2. Nucor: A far-reaching steel supplier

As North America's largest steel and steel products company, Nucor (NUE -0.08%) is at the forefront of any conversation related to infrastructure projects. The company's products are crucial for the construction of roads, bridges, and buildings; automotive and heavy-duty vehicle manufacturing; and residential uses such as appliances, and heating, ventilation, and air-conditioning (HVAC).

Even without additional infrastructure spending, Nucor keeps setting new earnings records. The company expects its third-quarter earnings report on Oct. 21 to include the third sequential quarterly record. It sees growth continuing as well. In its third-quarter guidance, it said, "Our internal business units' forecasts suggest that our fourth quarter of 2021 results are likely to continue the trend of exceptional performance we have seen so far this year." The likely results will be fiscal-year earnings that surpass the previous record year by more than 200%. 

The success comes as steel prices remain high, and customer demand is strong in virtually every aspect of its business. Nucor is capitalizing on the boom by investing in growth, including a $1 billion acquisition of an insulated metal panel business and a recently announced $2.7 billion state-of-the-art steel mill. These projects aim to meet the need for energy efficiency in commercial buildings and automotive products as companies like General Motors move toward electrification. 

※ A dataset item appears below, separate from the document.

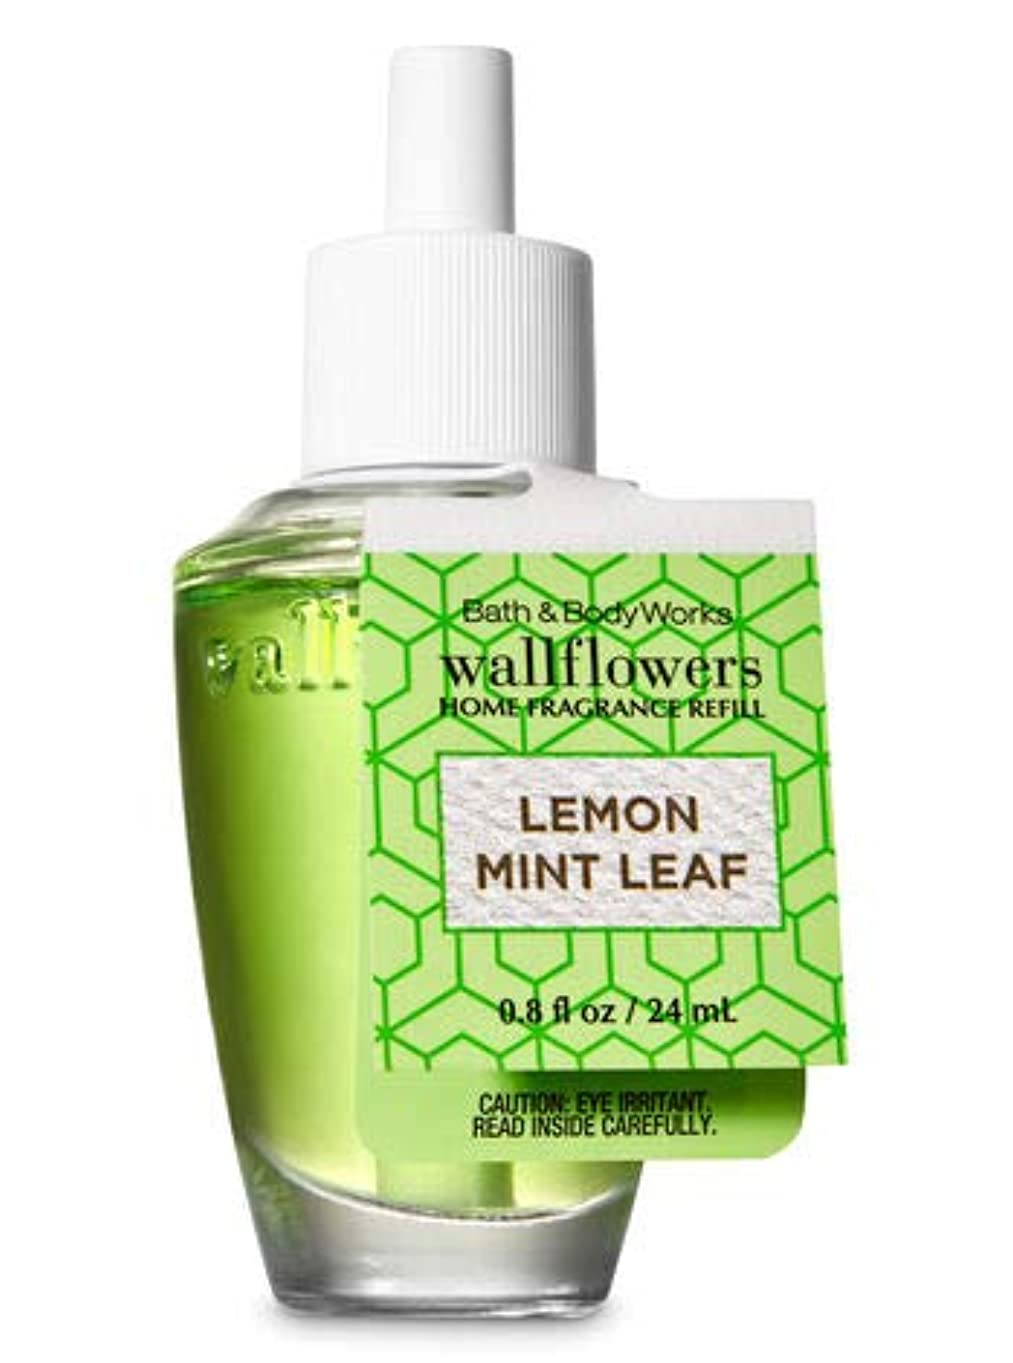 アンビエント勝つデータベース【Bath&Body Works/バス&ボディワークス】 ルームフレグランス 詰替えリフィル レモンミントリーフ Wallflowers Home Fragrance Refill Lemon Mint Leaf [並行輸入品]

To support that growth, Nucor just announced the launch of the industry's first net-zero-carbon steel product. GM will be the first customer to receive Nucor's Econiq, which the company said will be available across its steel products. In addition to all of its steel being fully recyclable, Econiq will be produced using renewable energy from power purchase agreements, in combination with carbon-offset purchases to result in a net-zero-carbon product as measured by scope 1 and scope 2 emissions. The company has also said separately it will publicly disclose and reduce scope 3 emissions, which are indirectly impacted by the company through its supply chain.

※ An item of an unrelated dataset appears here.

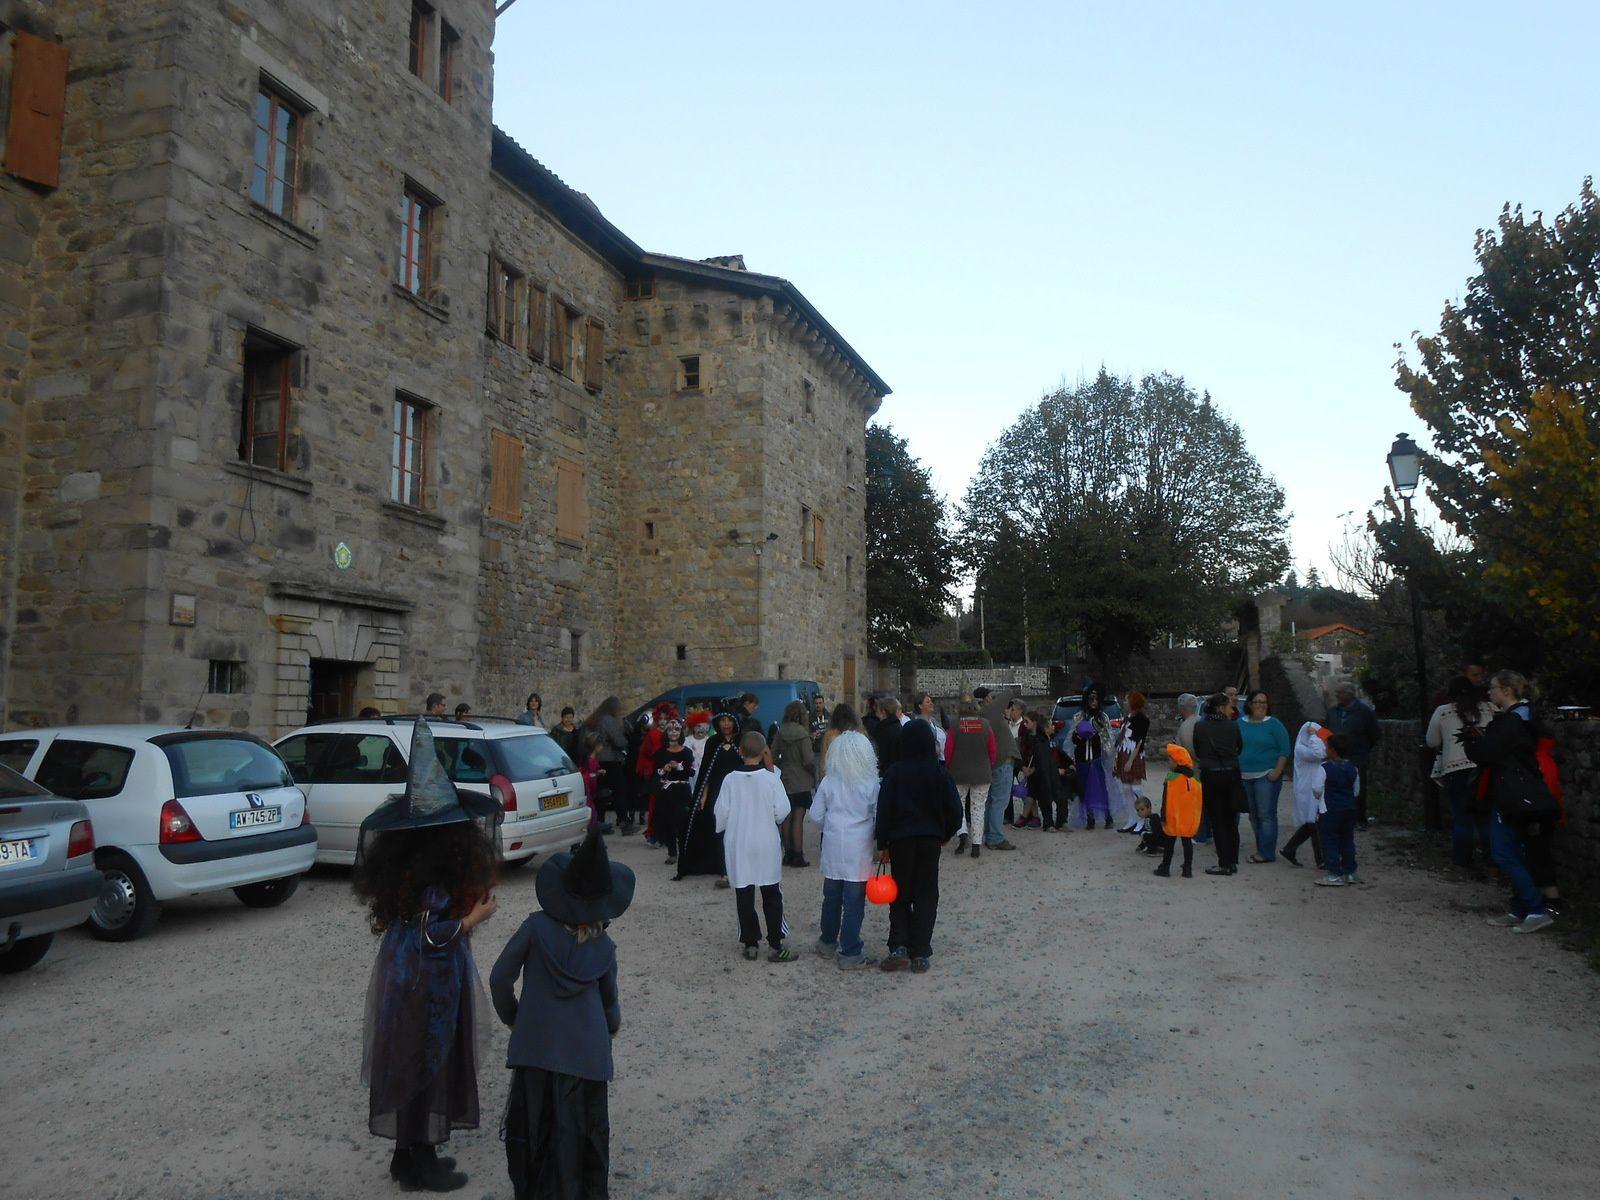 Drôle d'atmosphère autour du château de Castrevieille, avec tous ces personnages plus ou moins terrifiants

The company's earnings records may not continue through next year if steel prices back off recent highs. But demand looks to remain strong, and unless there is a full crash in the commodity, prices and profits should settle at sustainably high levels. Combine that with 48 years of consecutive dividend increases (with the 49th likely coming in December), and Nucor looks to be a long-term holding that should provide steady income and growth as its investment projects continue to come on line.

3. SPDR S&P Kensho Intelligent Structures ETF: A way to spread your bets

SPDR S&P Kensho Intelligent Structures ETF (SIMS 0.37%) is an exchange-traded fund that provides a way to buy into every aspect of infrastructure with one investment. It is a passively managed fund that provides broad exposure by tracking an index of U.S.-listed companies with a focus on innovative infrastructure.

The fund is about four years old, has $52 million in assets under management, and comes with an annual expense ratio of 0.45%. Its annualized total return since inception was approximately 11.5% as of Sept. 30. As of Oct. 7, top holdings included large businesses such as HVAC company Carrier Global; Johnson Controls, a provider of building electronics technology; as well as water technology companies like Xylem and Evoqua

But because the ETF also holds smaller companies focused on innovation, its average weighted market cap is a relatively low $26 billion. Holdings like Bloom Energy and ChargePoint Holdings have market caps of under $6 billion, and tend to be more volatile than larger companies. But Bloom's fuel cells and hydrogen fuels, and ChargePoint's network of electric vehicle charging stations figure to benefit from infrastructure spending and alternative-energy growth. 

The fund comes with added risk due to the smaller and more-unproven technology companies it holds. But that risk might result in added reward down the road. The ETF could provide a balanced single investment for investors looking to take some added risk with a wide-ranging infrastructure investment.